### About this task:
Line by line, output everything from the one that contains "Energielabel Stormshoek 36" through the end of the material below, exactly as written and with no pictures.

### Provided data:
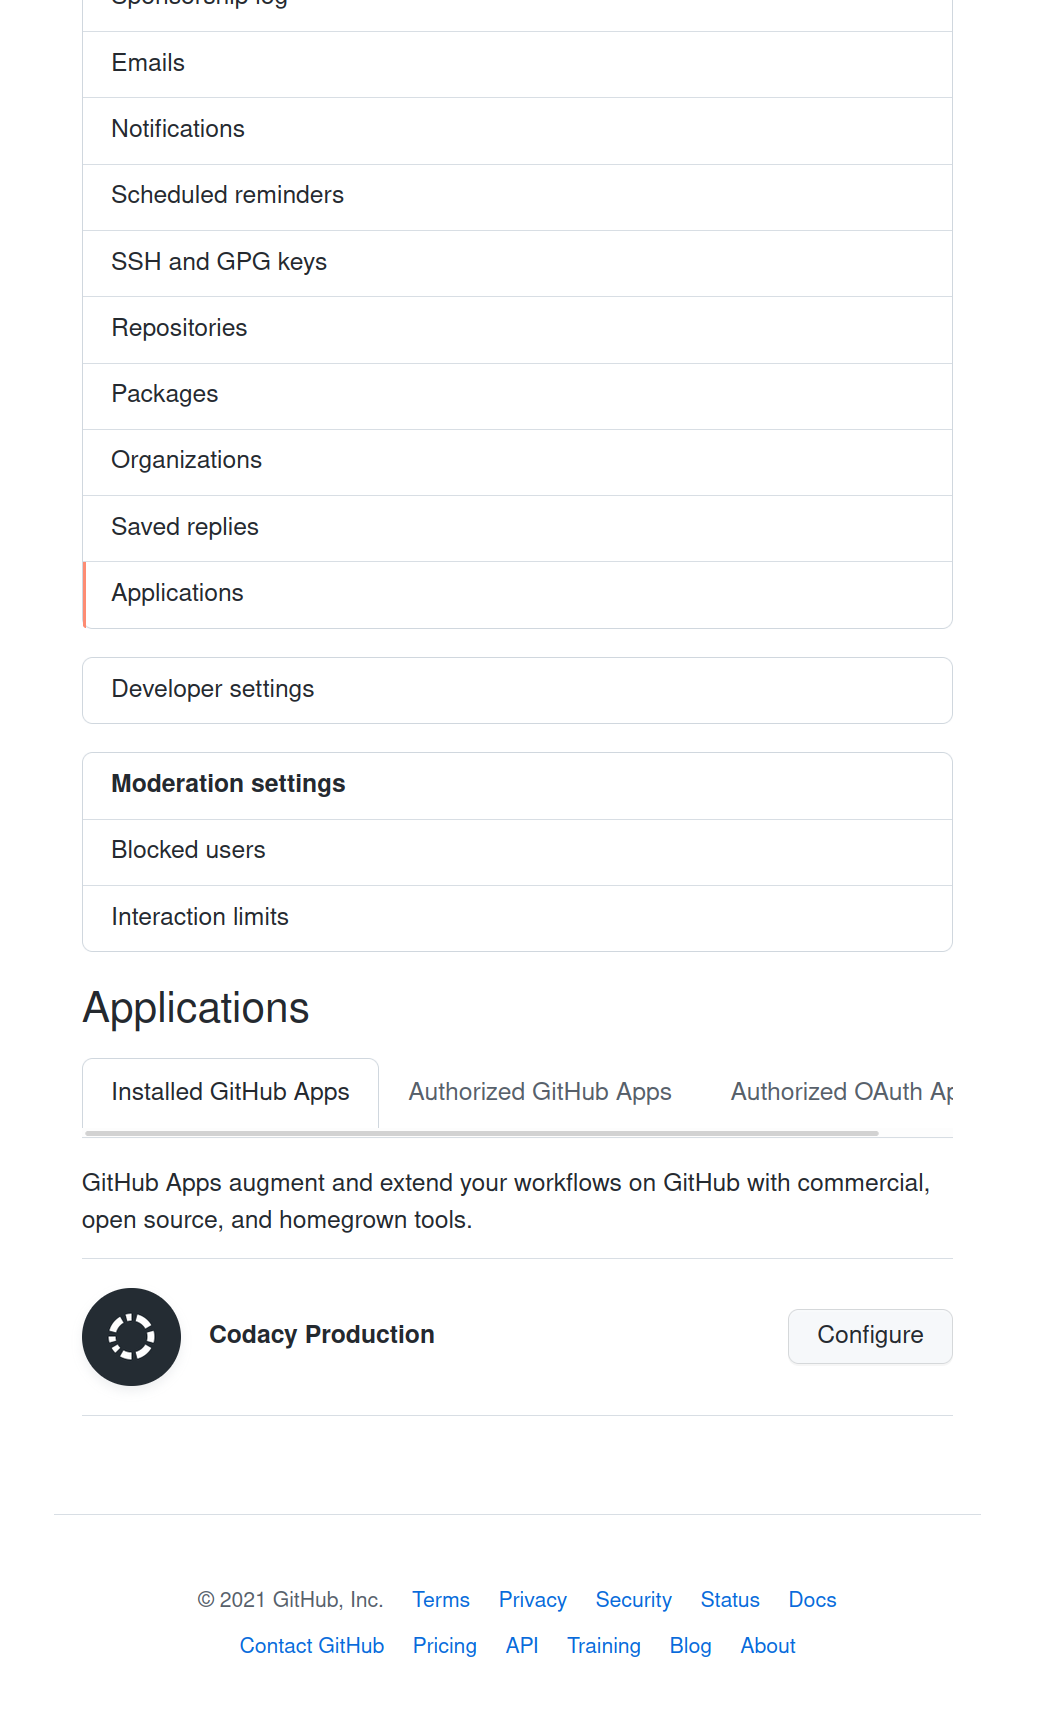 GitHub Codacy Configure page
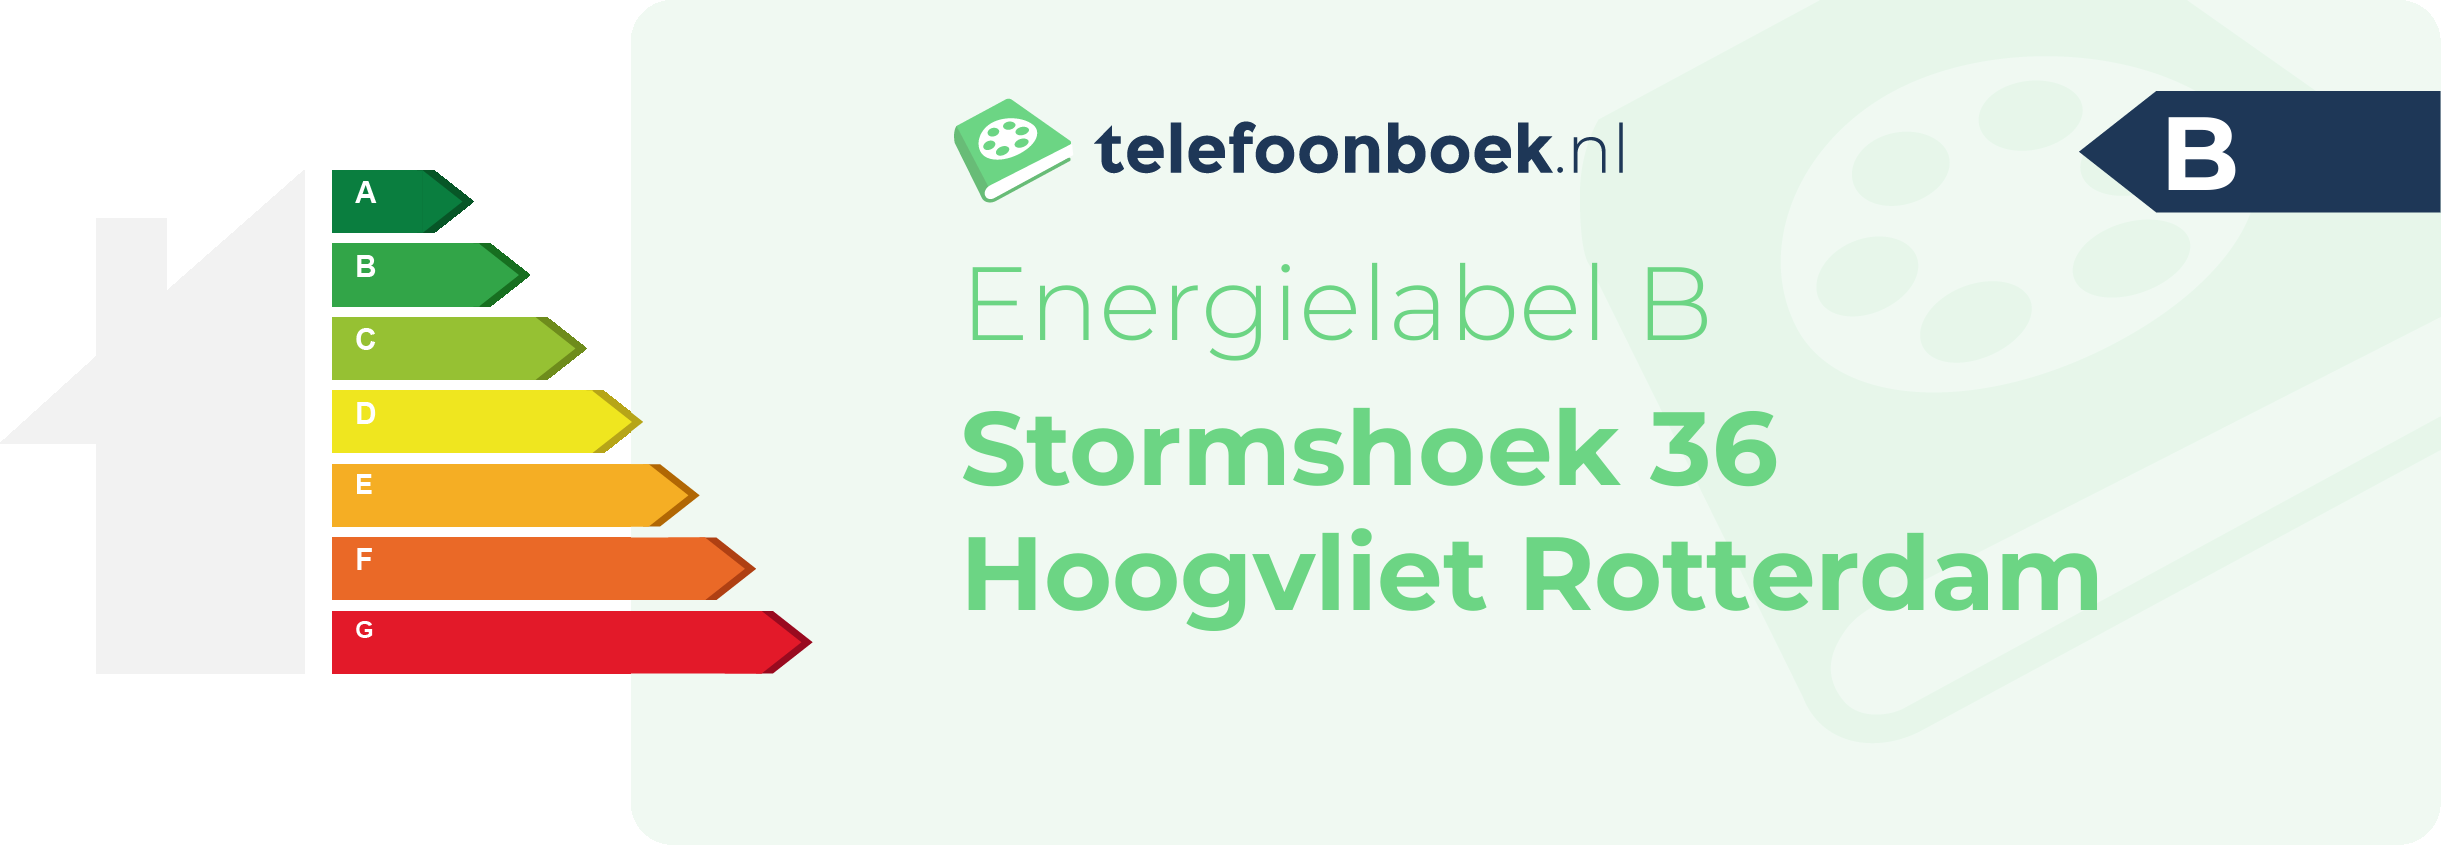 Energielabel Stormshoek 36 Hoogvliet Rotterdam
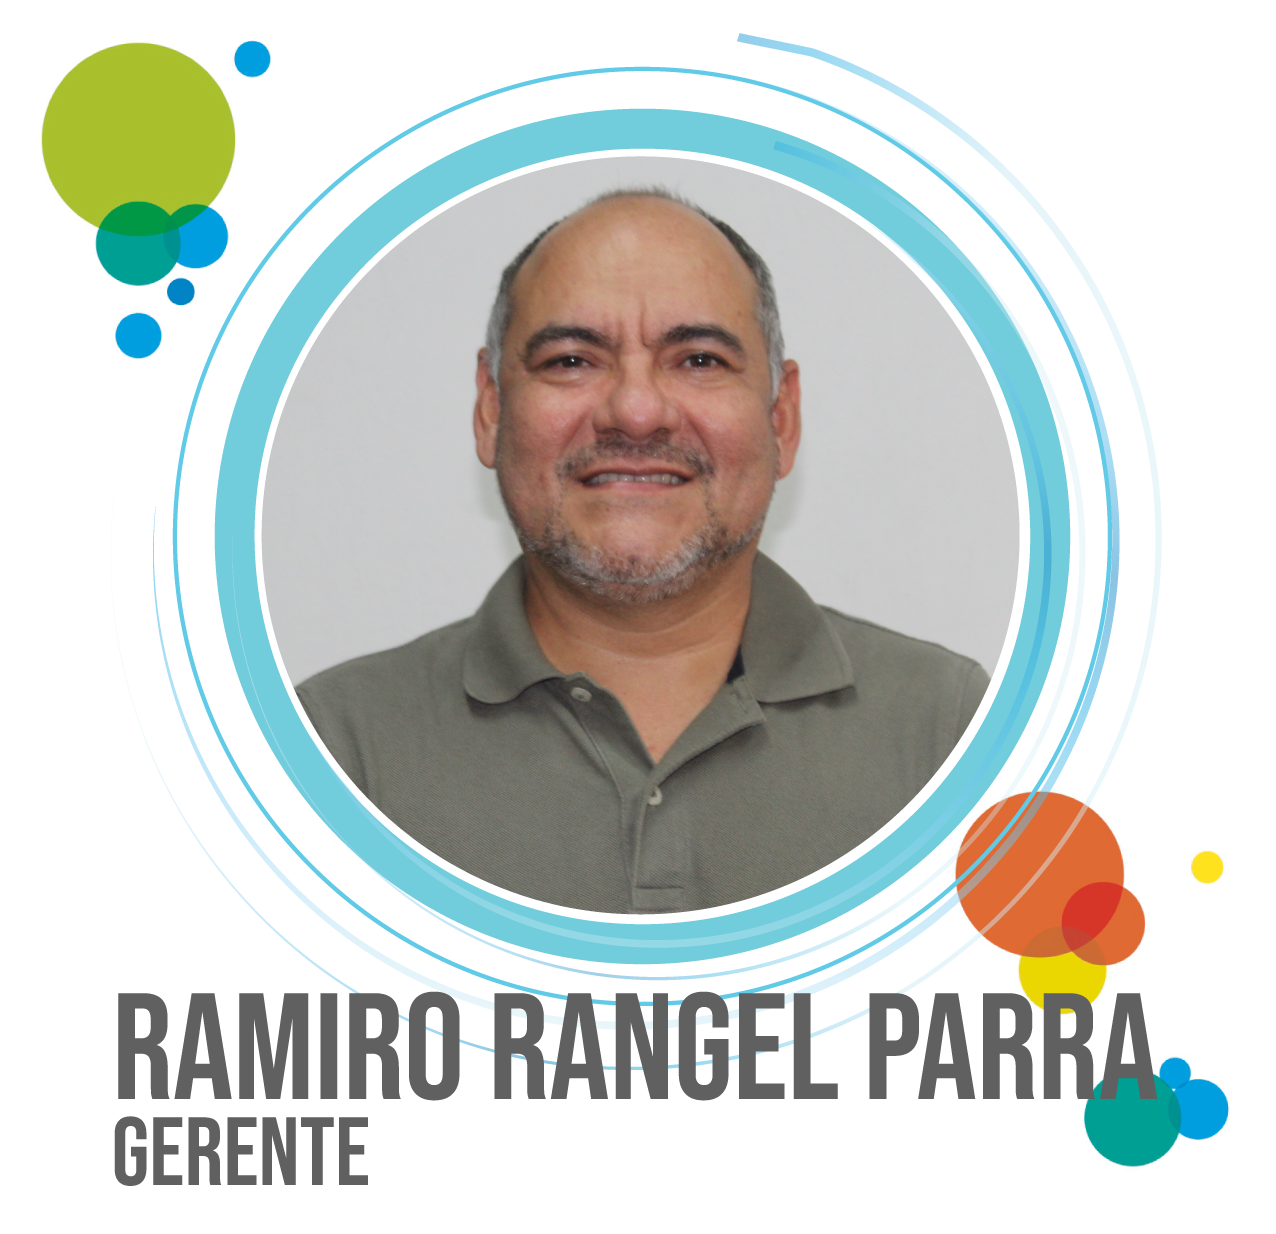 GERENTE_RAMIRO RANGEL PARRA

### Exercise output:
 Energielabel Stormshoek 36 Hoogvliet Rotterdam
 GERENTE_RAMIRO RANGEL PARRA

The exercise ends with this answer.